Ordered structures in highly strained CdxZn1−xTe/GaAs heterostructures epitaxial layers grown on (001)GaAs substrates were investigated by using selected area electron diffraction pattern (SADP) and cross-sectional high-resolution transmission electron microscopy (HRTEM) measurements. The SADP results showed two sets of (1/2 1/2 1/2) superstructure reflections with symmetrical intensities along the [110] axis, and the corresponding HRTEM images indicated a doublet periodicity in the contrast of the {111} lattice planes.

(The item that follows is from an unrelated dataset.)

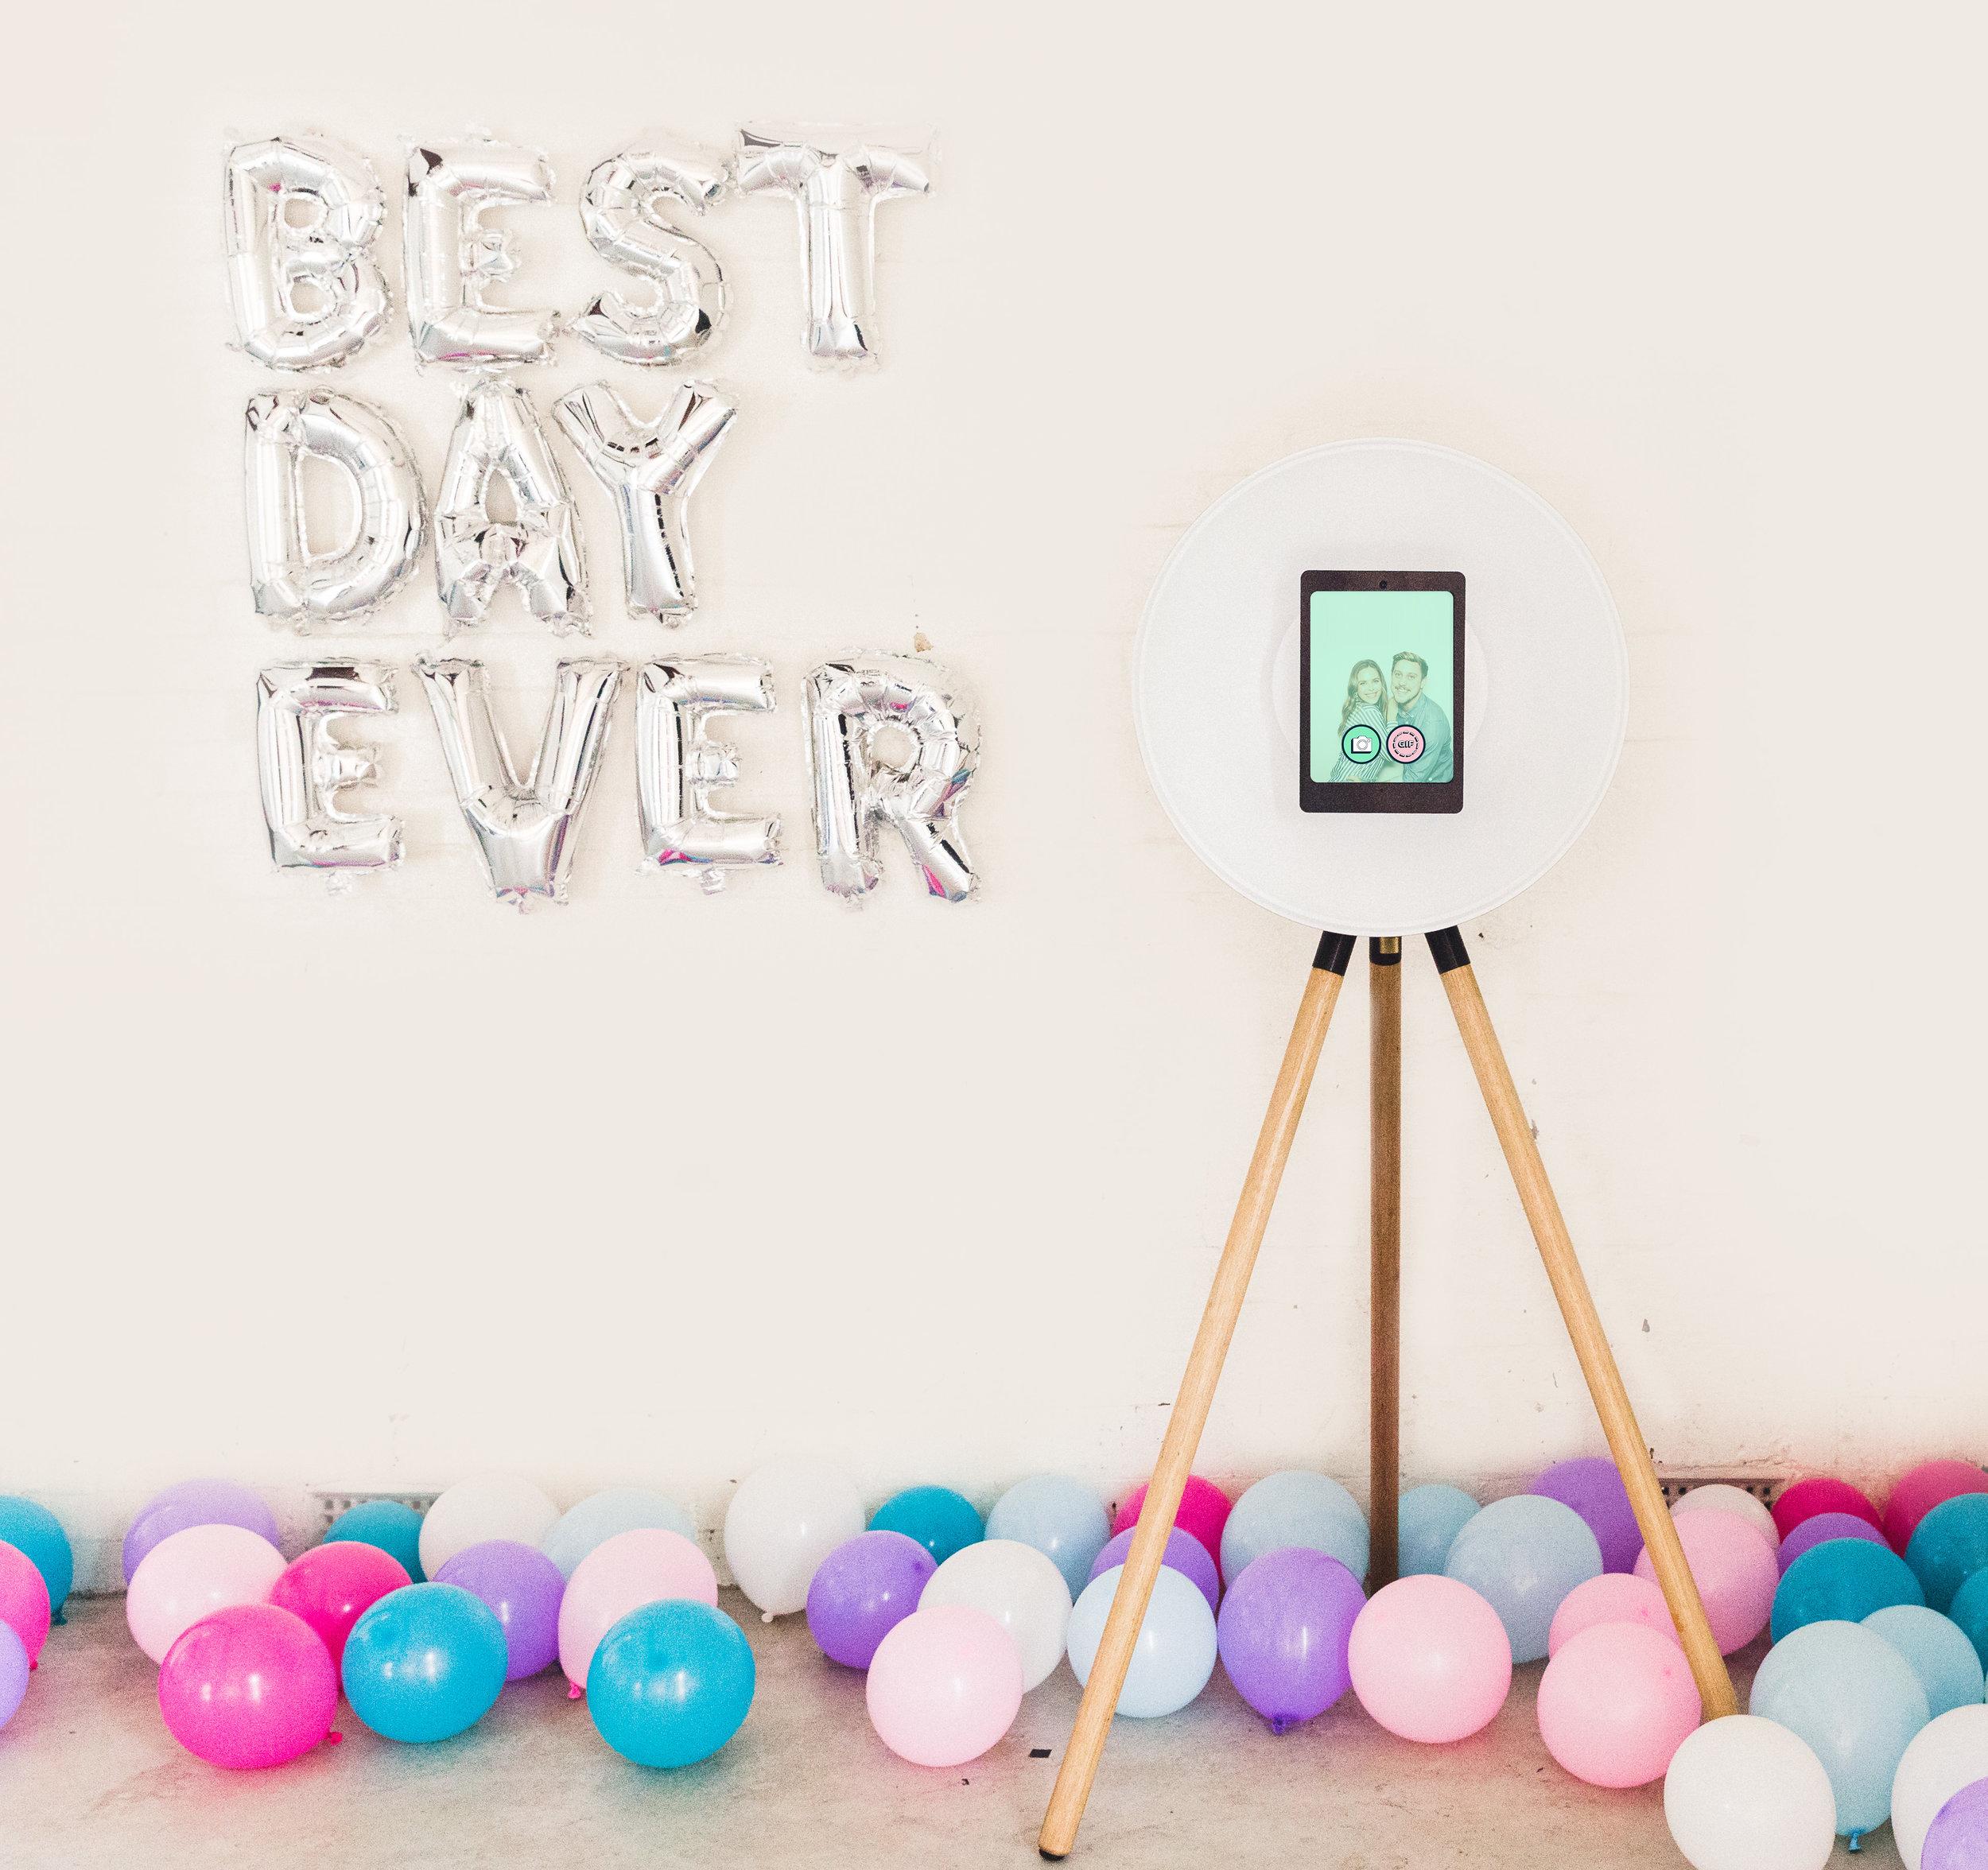 Zip-Junuor-Best-Day-Ever (2).jpg

Two structures, one corresponding to the CuPtB-type ordering for each direction of the doublet periodicity on the {111} lattice planes along the [110] axis and the other corresponding to superstructure spots related to the CuAu–I type ordering were observed in the SADP. The doublet periodicity of 200 lattice fringes, associated with the CuAu–I-type ordered structure was also observed in the HRTEM image, and many antiphase boundaries were observed in ordered regions. The formation of the two ordered structures in the CdxZn1−xTe epilayers might originate from the minimization of the relaxation energy due to the high strain effect resulting from the large lattice mismatch between the CdxZn1−xTe epilayer and the GaAs substrate. These results provide important information on the microstructural properties for improving the efficiencies of CdxZn1−xTe-based optoelectronic devices operating in the blue-green spectral region.